Hedge Fund Flags Risky Derivatives After China Market Rally

A top-performing Chinese macro hedge fund is sounding the alarm over a popular type of derivative following the country’s stock rally.

(Bloomberg) — A top-performing Chinese macro hedge fund is sounding the alarm over a popular type of derivative following the country’s stock rally.

Influential fund manager Li Bei advised against investing in so-called “snowball” products, a tool she used to buy at the bottom of the market late last year. Given the rebound in China equities, investors buying the option-based contracts could suffer losses, the founder of Shanghai Banxia Investment Management Center said in an article on March 12. 

Li made the comments after seeing financial institutions use her trade to promote the products. Her warnings are a fresh reminder of the dangers of the bet that burnt even the largest financial institutions in Europe. 

“Times have changed and snowball-type products have become less of an optimal choice,” Li wrote, adding she doesn’t want to see people suffer losses by following her moves.

Li holds an audience. Banxia’s annualized 33% return for the past five years makes it the best performer among multi-asset funds running at least 10 billion yuan ($1.5 billion). It ranks No. 2 for all hedge fund strategies, according to Shenzhen PaiPaiWang Investment & Management Co.

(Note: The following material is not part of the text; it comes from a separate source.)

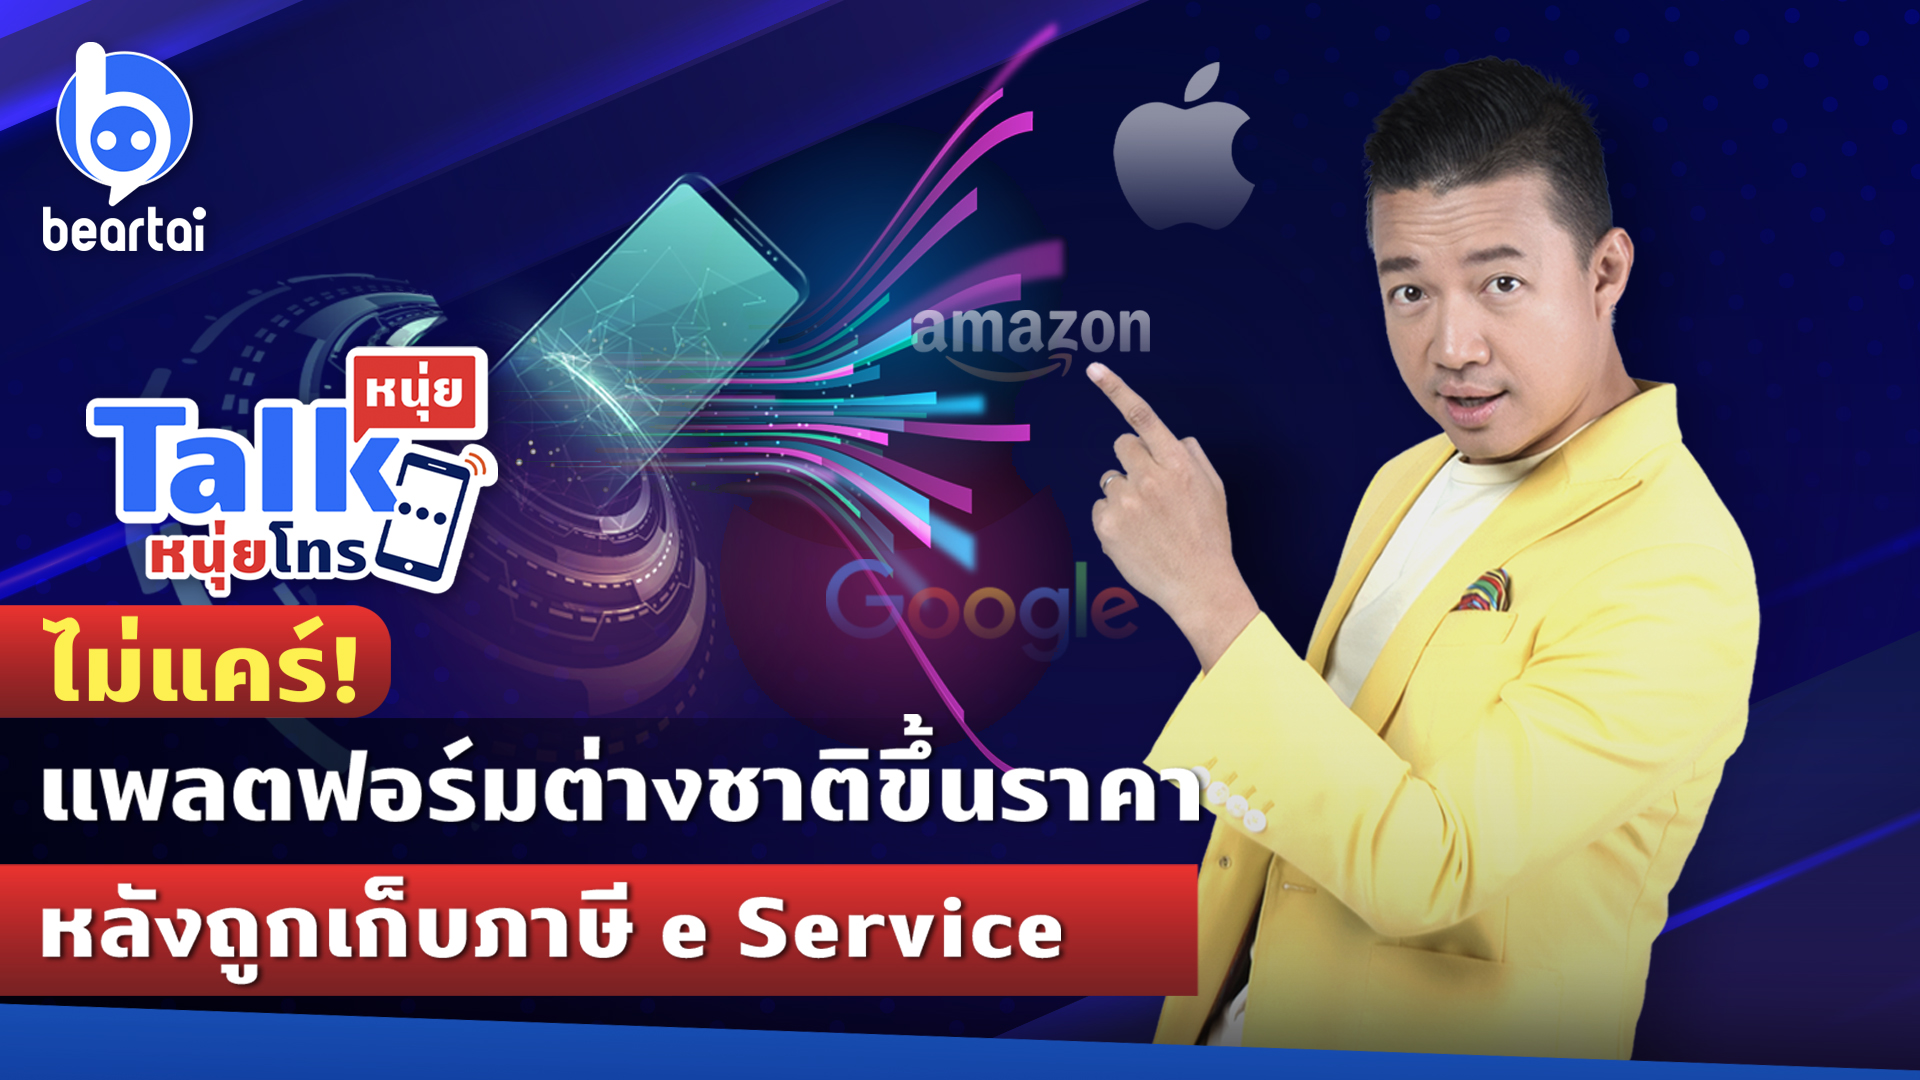 ประเทศไทยควรเดินหน้าเก็บภาษี e Service ต่อไปหรือไม่?

Li used snowball derivatives in September and later last year to add net-long exposure to domestic stocks, positioning for what she judged was the cusp of a bull market. The company chose to not buy stocks directly, as a further 10% decline was still possible, according to its September investor letter dated Oct. 10.

The benchmark CSI 300 Index fell a further 6% through the end of October, and has since rallied 14%. 

The potential risks of buying these products now are “obviously significantly higher,” Li said. 

Snowballs are similar to so-called autocallables and equity-linked securities in other markets. They can generate annualized returns typically between 12% to 20% in China, as long as the underlying indexes or individual stocks don’t fall below a preset level. 

Li hasn’t built any positions with “snowball” products this year, and will “absolutely not buy” any in the next month, she wrote.  

The CSI 500 Smallcap Index, to which many “snowballs” are linked, has rallied. On top of that, many mainstream products have adjusted the trigger for losses to a 20% decline from 25%, Li wrote. The average return on a typical two-year product has also dropped to less than 10% from almost 20%, she said.

Li declined to comment further on her article. 

China is expected to remain restrained with stimulus policies, suggesting that credit growth will slow after March, according to a Banxia February investor letter seen by Bloomberg.